BAB I
PENDAHULUAN
A.
Latar Belakang
Seseorang hanya bisa berkembang dengan bantuan
orang lain. Misalkan seorang orang tua dan keluarganya mengatakan bahwa anak
gadisnya cantik. Kalau hal ini cukup sering diulang-ulang secara konsisten,
oleh orang-orang yang cukup berbeda-beda, akhirnya gadis tersebut akan merasa
dan bertindak seperti seorang yang cantik.
Orangorang cantik sering tampak lebih tenang dan percaya diri daripada orang bermuka buruk, karena mereka dinilai dan diperlakukan berbeda. Namun, seorang gadis cantik sekalipun tidak akan pernah benar-benar yakin bahwa ia cantik kalau dari awal hidupnya orang tua bersikap kecewa dan apologetis (rasa menyesal) terhadap gadis itu dan memperlakukannya sebagai anak yang tidak menarik.
Orangorang cantik sering tampak lebih tenang dan percaya diri daripada orang bermuka buruk, karena mereka dinilai dan diperlakukan berbeda. Namun, seorang gadis cantik sekalipun tidak akan pernah benar-benar yakin bahwa ia cantik kalau dari awal hidupnya orang tua bersikap kecewa dan apologetis (rasa menyesal) terhadap gadis itu dan memperlakukannya sebagai anak yang tidak menarik.
“Diri” yang ditemukan melalui tanggapan orang
lain dinamakan “diri cerminan orang lain” (cermin diri) oleh Cooley (1902,
Horton, 1993), yang dengan hati-hati menganalisis segi penemuan diri ini.

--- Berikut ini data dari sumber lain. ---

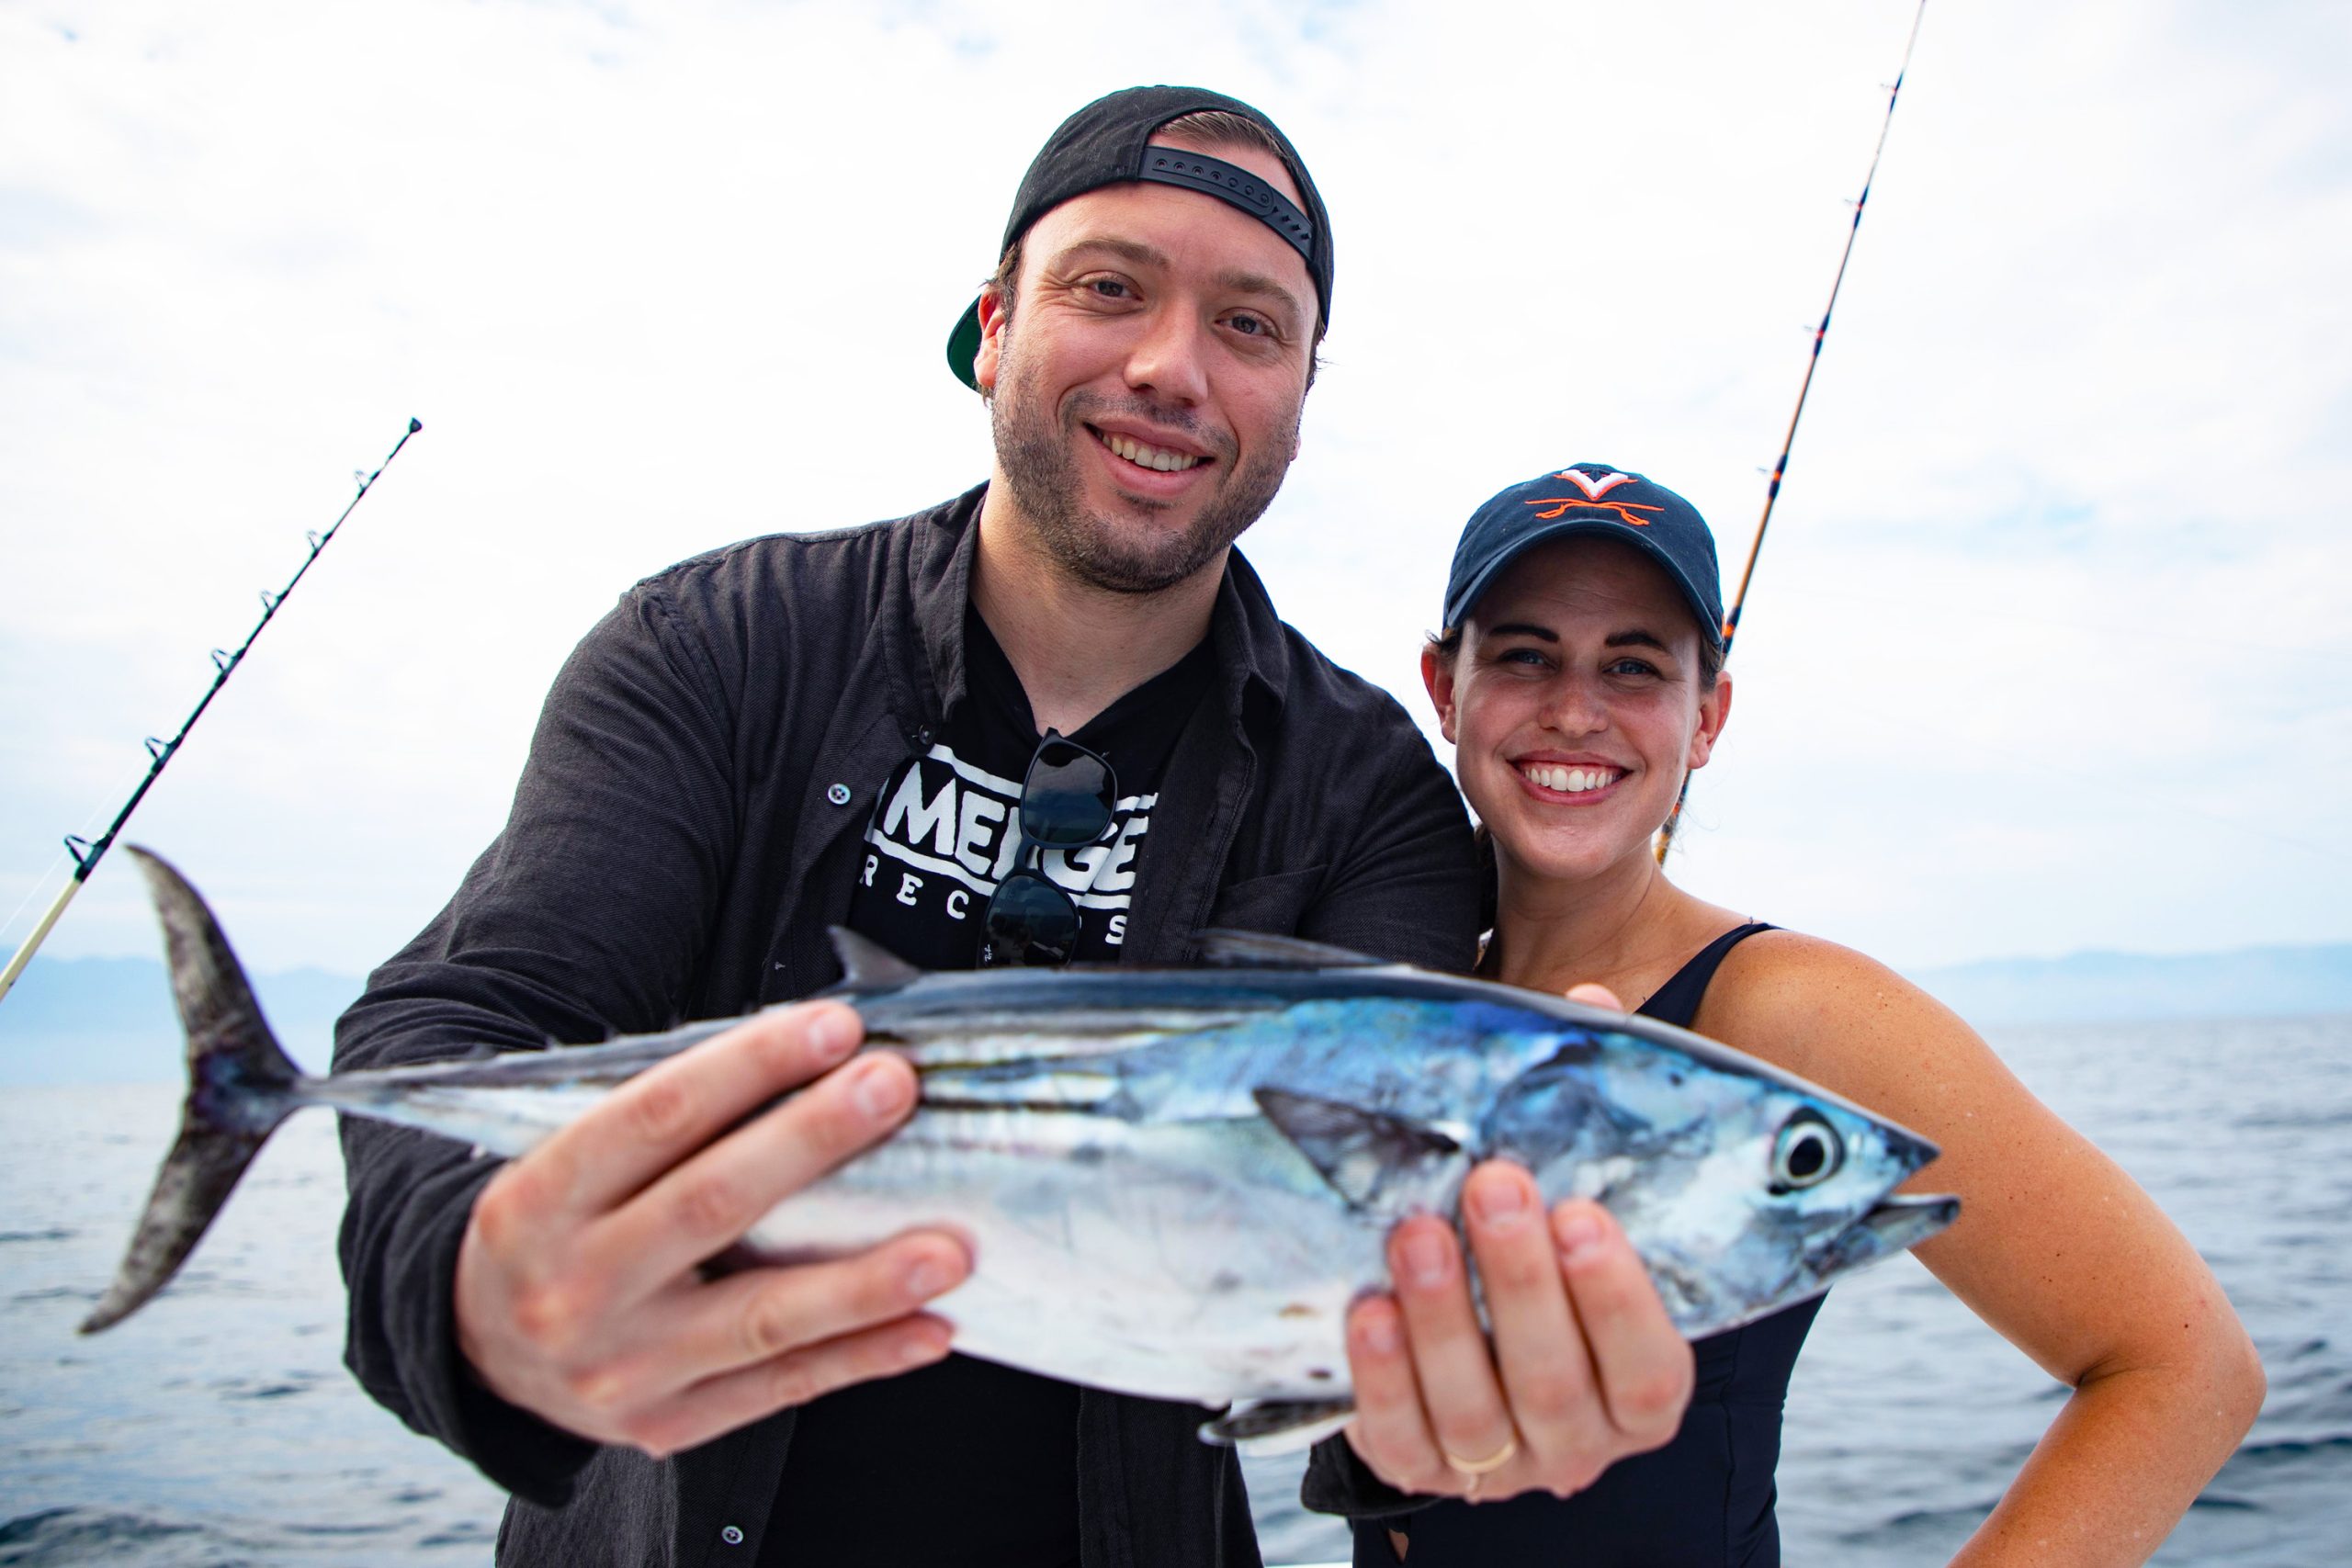 ¡Prepárate para lanzar tus líneas y explorar nuevas experiencias en la pesca!

Mungkin saja ia telah mendapat inspirasi dari kata-kata dalam sandiwara Vanity
Fair (Thackeray): “Dunia adalah sebuah cermin dan memberikan kepada setiap
orang bayangan dari mukanya sendiri. Kerutkan dahi di hadapannya, dan bayangan
masam akan tampak di hadapan anda; tertawalah di depan bersamanya dan anda akan
memperoleh sahabat yang baik dan riang”.
Tiga langkah dalam proses pembentukan cermin
diri:
1. Persepsi kita tentang bagaimana kita memandang
orang lain.
2. Persepsi kita tentang penilaian mereka mengenai
bagaimana kita memandang.
3. Perasaan kita tentang penilaian.
Calvin dan Holtzman (1953) menemukan bahwa
setiap individu memiliki kemampuan yang berbeda dalam merasakan secara tepat
pendapat orang lain tentang mereka, dan bahwa orang yang kurang mampu
menyesuaikan dirinya dengan pandangan-pandangannya juga kurang akurat.
BAB II
PEMBAHASAN
A.
Teori
Cermin Diri
Teori Cermin Diri (The Looking Glass
Self) ini dikemukakan oleh Charles H. Cooley. Teori ini merupakan gambaran
bahwa seseorang hanya bisa berkembang dengan bantuan orang lain. Setiap orang
menggambarkan diri mereka sendiri dengan cara bagaimana orang - orang lain
memandang mereka, misalnya ada orang tua dan keluarga yang mengatakan bahwa
anak gadisnya cantik. Jika hal itu sering diulang secara konsisten oleh orang -
orang yang berbeda - beda, akhirnya gadis tersebut akan merasa dan bertindak
seperti seorang yang cantik. Teori ini didasarkan pada analogi dengan cara
bercermin dan mengumpamakan gambar yang tampak pada cermin tersebut sebagai
gambaran diri kita yang terlihat orang lain.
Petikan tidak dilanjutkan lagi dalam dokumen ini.